NCI is a valuable asset to the Frederick community as a major employer, a purchaser of goods and services, and an educator and mentor for students from elementary through post-graduate school, Craig Reynolds told about 70 people, including many community leaders, at the Fort Detrick Alliance’s quarterly breakfast briefing at Hood College.
Government and contractor salaries and procurement activity pump $259 million a year into Maryland’s economy, including $120 million in economic activity in Frederick County, said Reynolds, director of the Office of Scientific Operations. NCI government and contractor operations combined would rank as the third-largest employer in Frederick, according to the city business development office.
NCI offers a wide range of science education programs, internships, fellowships, and other hands-on science training opportunities, starting with the Elementary Outreach Program for the youngest of would-be scientists—36,000 of whom have gone through the program since 2000, Reynolds said.
The 25-year-old Werner H. Kirsten Student Intern Program has seen 75 percent of its roughly 1,000 graduates go on to careers in medicine or bioscience locally and across the country.
As an overview of NCI at Frederick—which includes the NCI-sponsored Frederick National Laboratory for Cancer Research—Reynolds ticked off some additional numbers:
– Eighty lots of 21 biopharmaceutical products and vaccines manufactured at the facility.
– Support for more than 650 human clinical trials sponsored by the National Institutes of Health.
– More than 6 million clinical samples stored on site and available for use by cancer researchers across the country.
To bring NCI’s mission into perspective, Reynolds turned to the latest health statistics: Four out of 10 Americans will hear a cancer diagnosis at least once in their lifetimes.
“For all of you here in this room, almost half of you will hear the words, ‘you have cancer,’” he said. And the burden of the disease will continue to weigh on virtually everyone in the audience through its effects on family, friends, and coworkers.
However, there is good news.
The overall cancer death rates for both sexes declined by 1.5 percent per year from 2003 to 2012, according to the 2016 Annual Report to the Nation. The number of cancer survivors has climbed to around 15 million in the United States. This number will continue to grow as treatments improve and cancer becomes more of a chronic disease than a death sentence, Reynolds said.
Harold Modrow, president of the Fort Detrick Alliance, said attendees at the July 13 event were excited to hear about the work being accomplished at the NCI facility.

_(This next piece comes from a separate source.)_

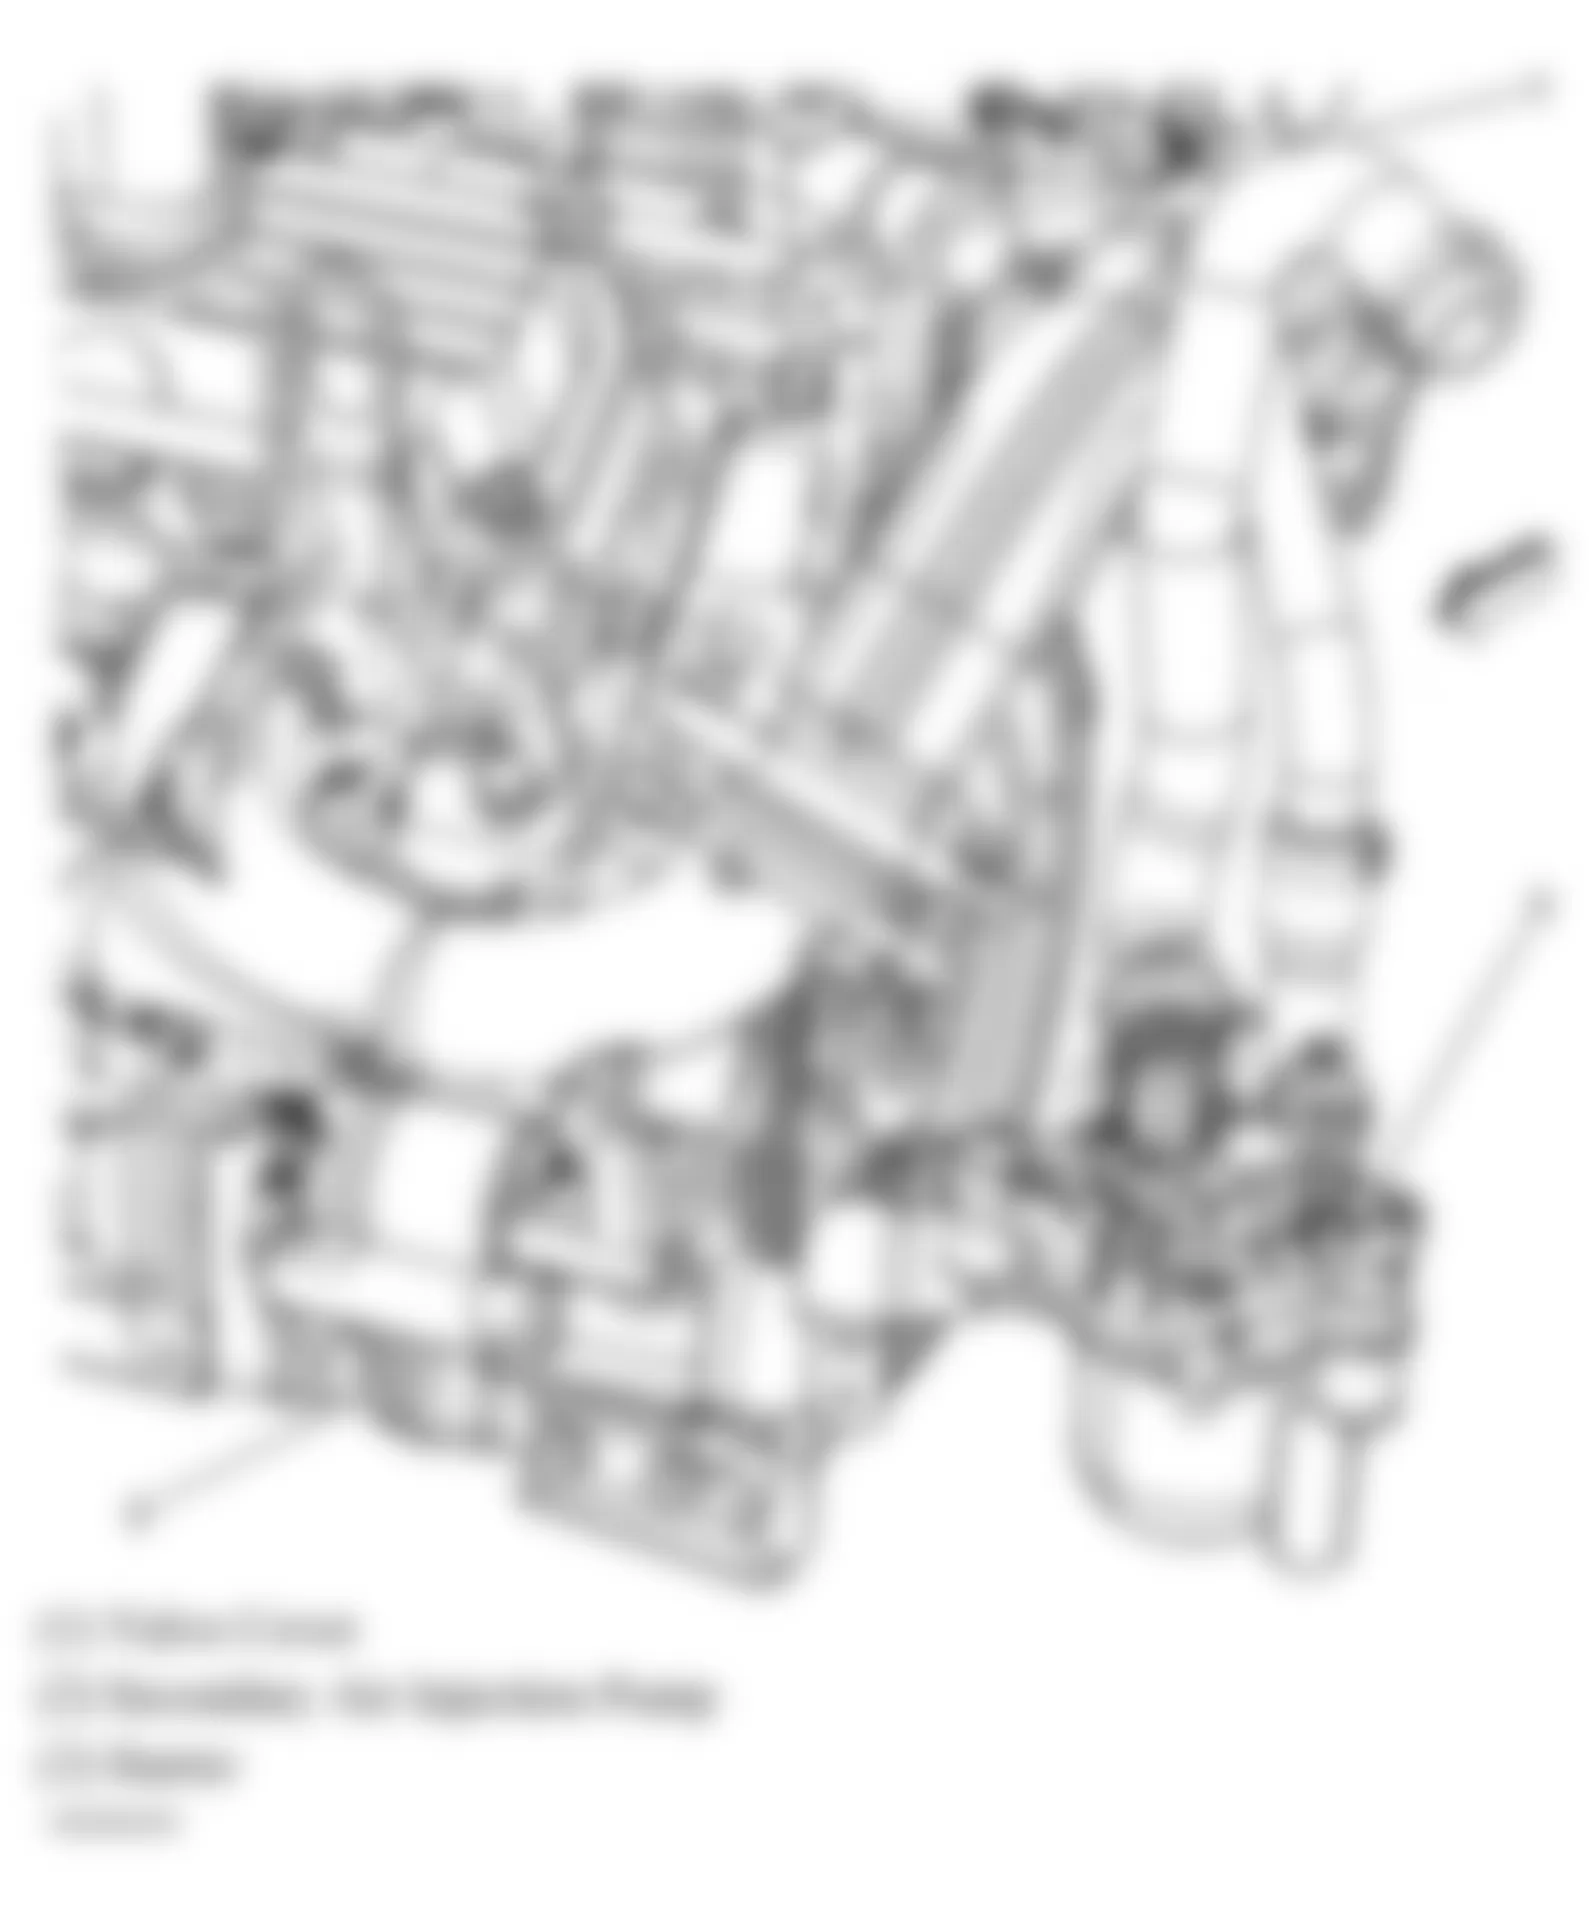 Buick Allure CXS 2006 - Component Locations -  Left Rear Of Engine (3.8L)

“Frederick and our community are privileged to have one of the premier world-class cancer and HIV research organizations located in our community,” Modrow said. “The Fort Detrick Alliance is dedicated to ensuring that this and the other critical work conducted by the federal agencies in and around Fort Detrick continues well into the future.”
Alliance Executive Director Eileen Mitchell said of Reynolds’ talk, “His presentation was very informative and many of those attending said they learned so much about NCI at Frederick that they didn't know before."
The Fort Detrick Alliance, with its 18-member board, connects the federal agencies in and around Fort Detrick with the community at large, building relationships between those agencies and area residents; businesses; civic, social, and educational organizations; and local and state governments. Alliance networking breakfasts are one of the many ways in which the organization brings these communities together for mutual benefit, Mitchell said.